What is being asked -> For the listing below, the answer is an exact retyping of the lines from the one with "never did wrong." through the one with "Fort Drum Military", both included, without pictures.

Given records ->
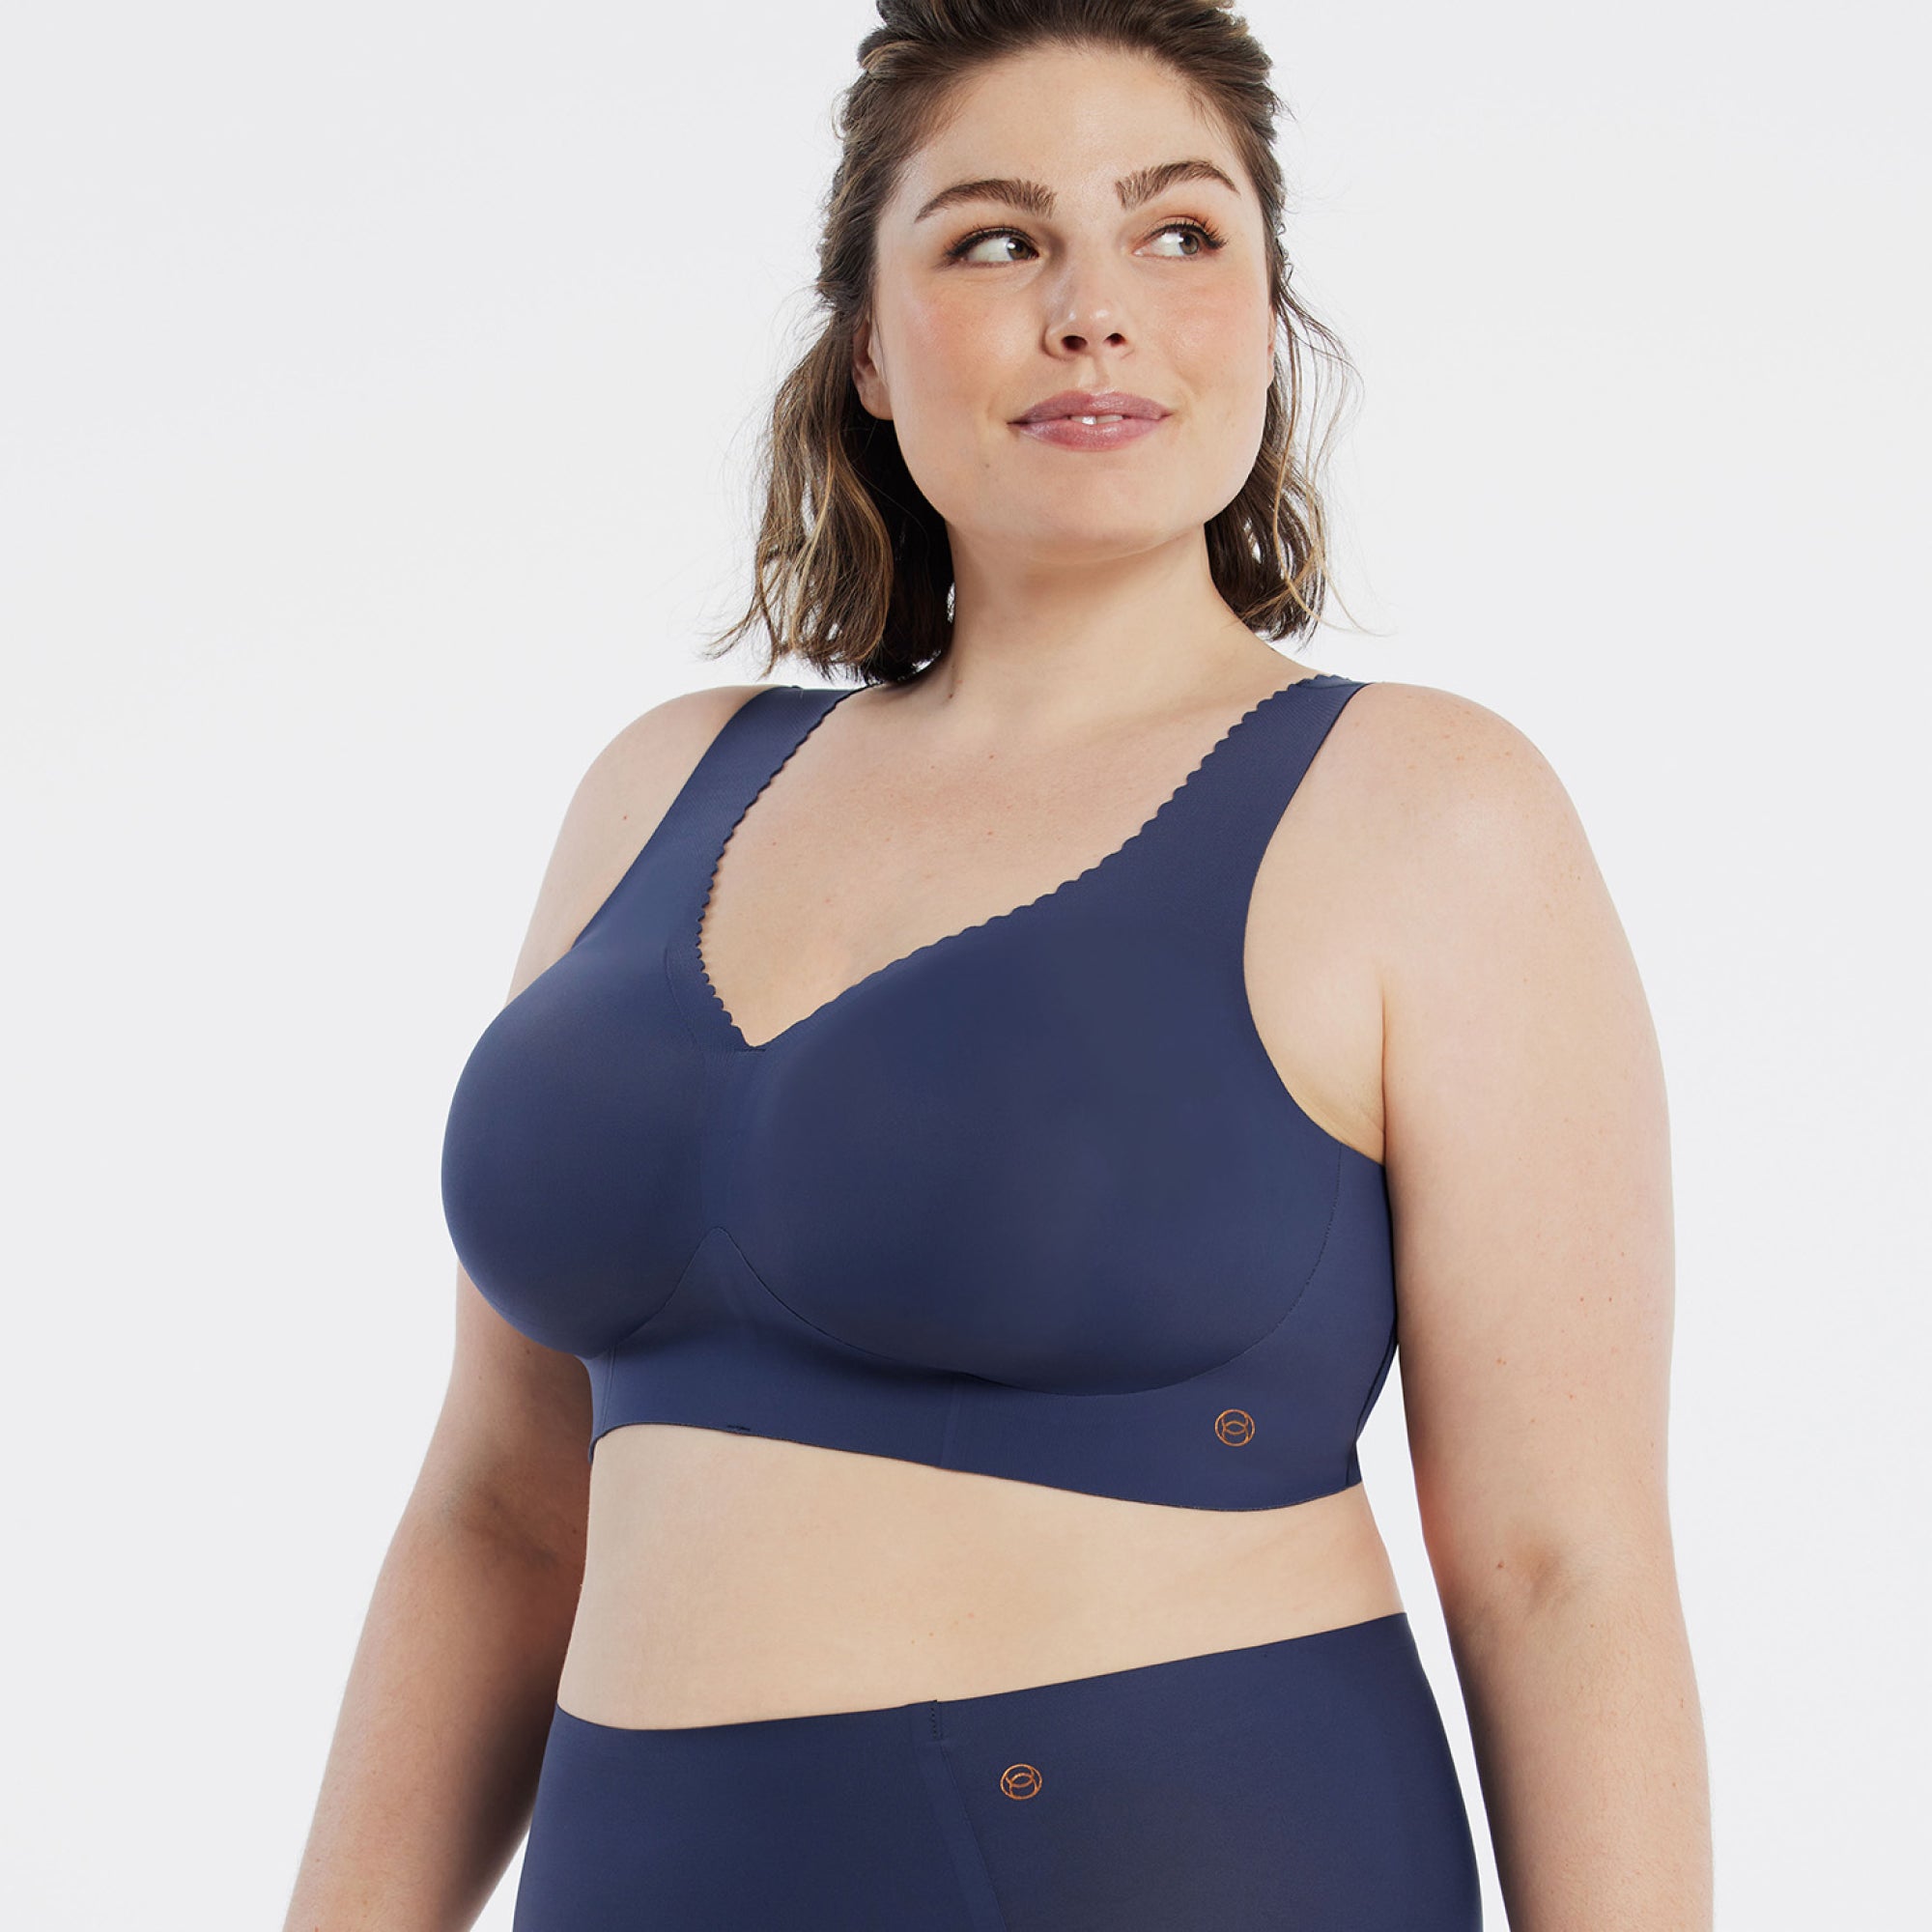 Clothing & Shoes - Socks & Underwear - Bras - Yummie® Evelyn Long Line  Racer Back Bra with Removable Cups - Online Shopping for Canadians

--

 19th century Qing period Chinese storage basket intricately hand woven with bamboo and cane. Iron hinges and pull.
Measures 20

---

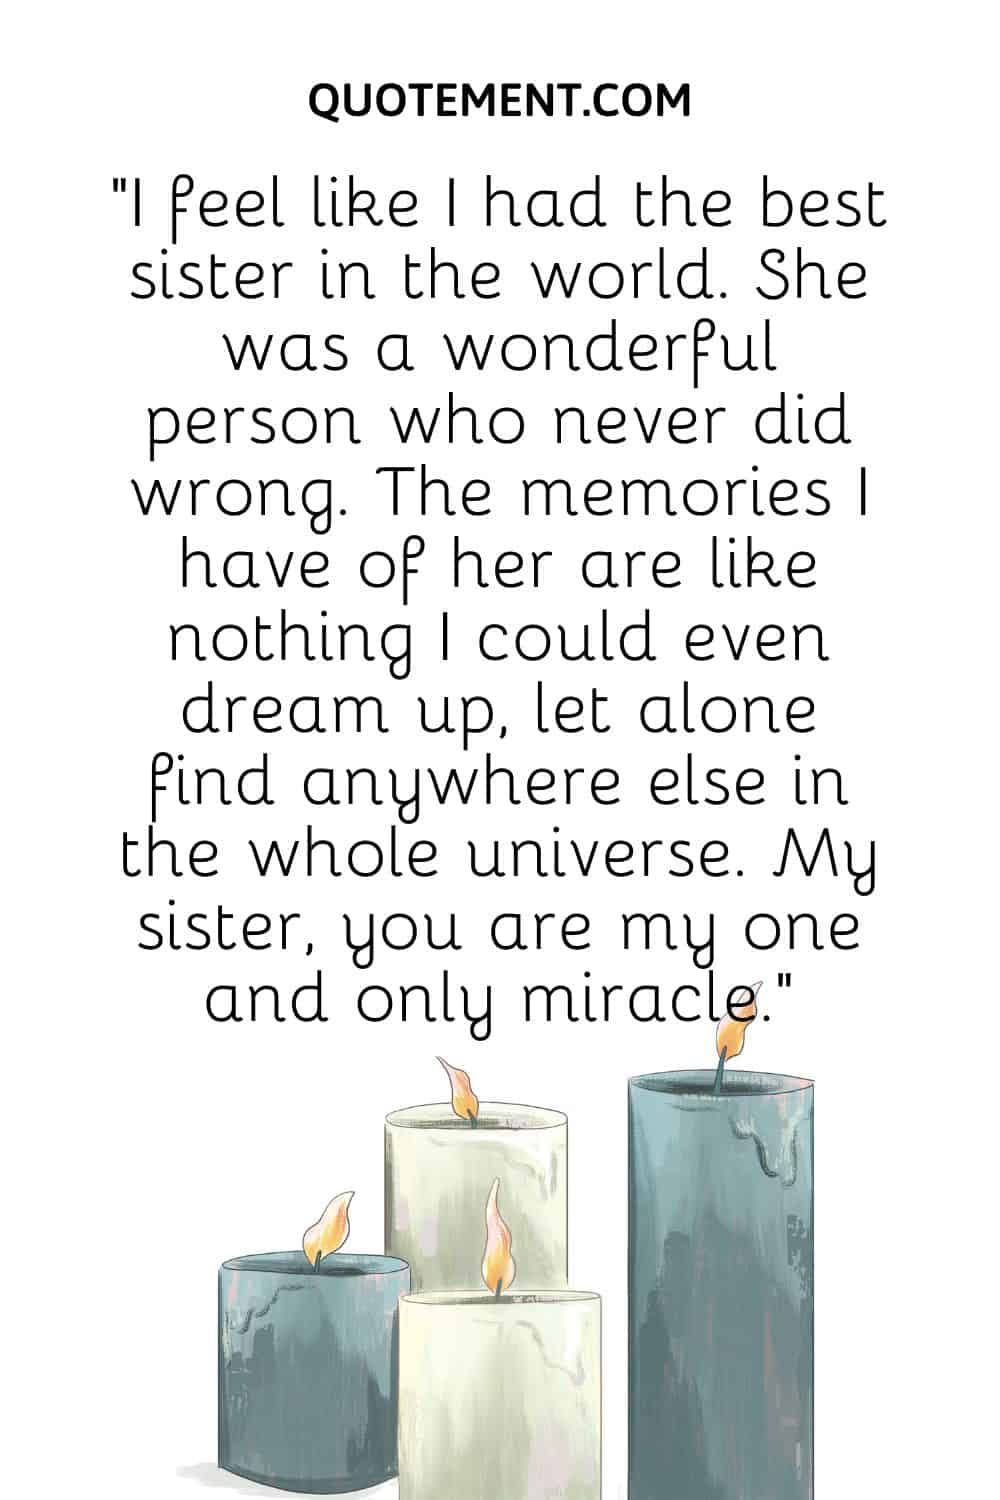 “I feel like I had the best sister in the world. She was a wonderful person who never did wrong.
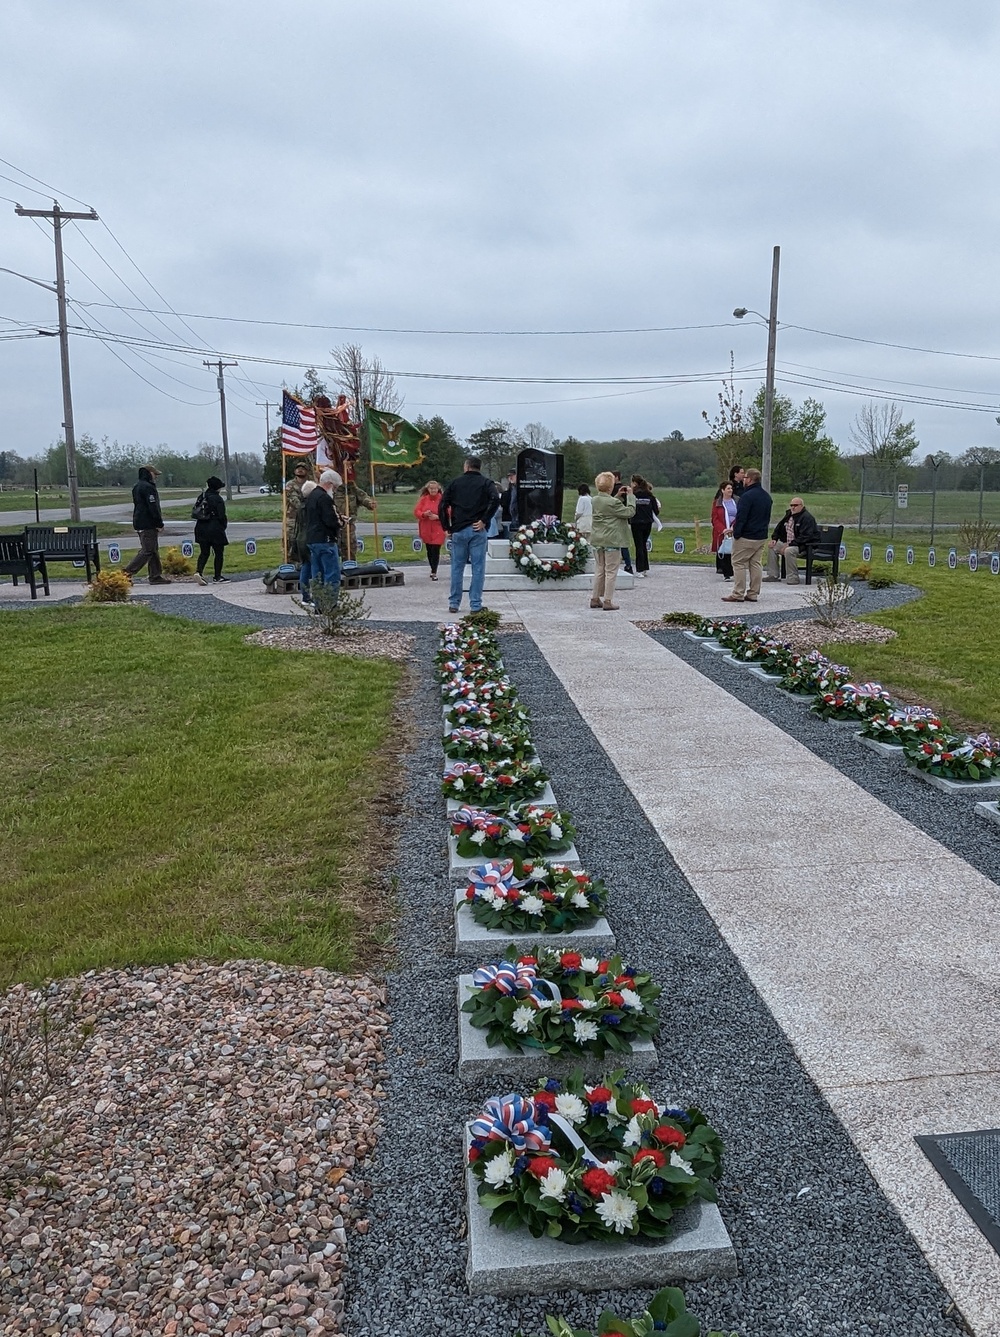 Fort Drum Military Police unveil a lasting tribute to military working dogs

Output for this exercise ->
 “I feel like I had the best sister in the world. She was a wonderful person who never did wrong.
 Fort Drum Military Police unveil a lasting tribute to military working dogs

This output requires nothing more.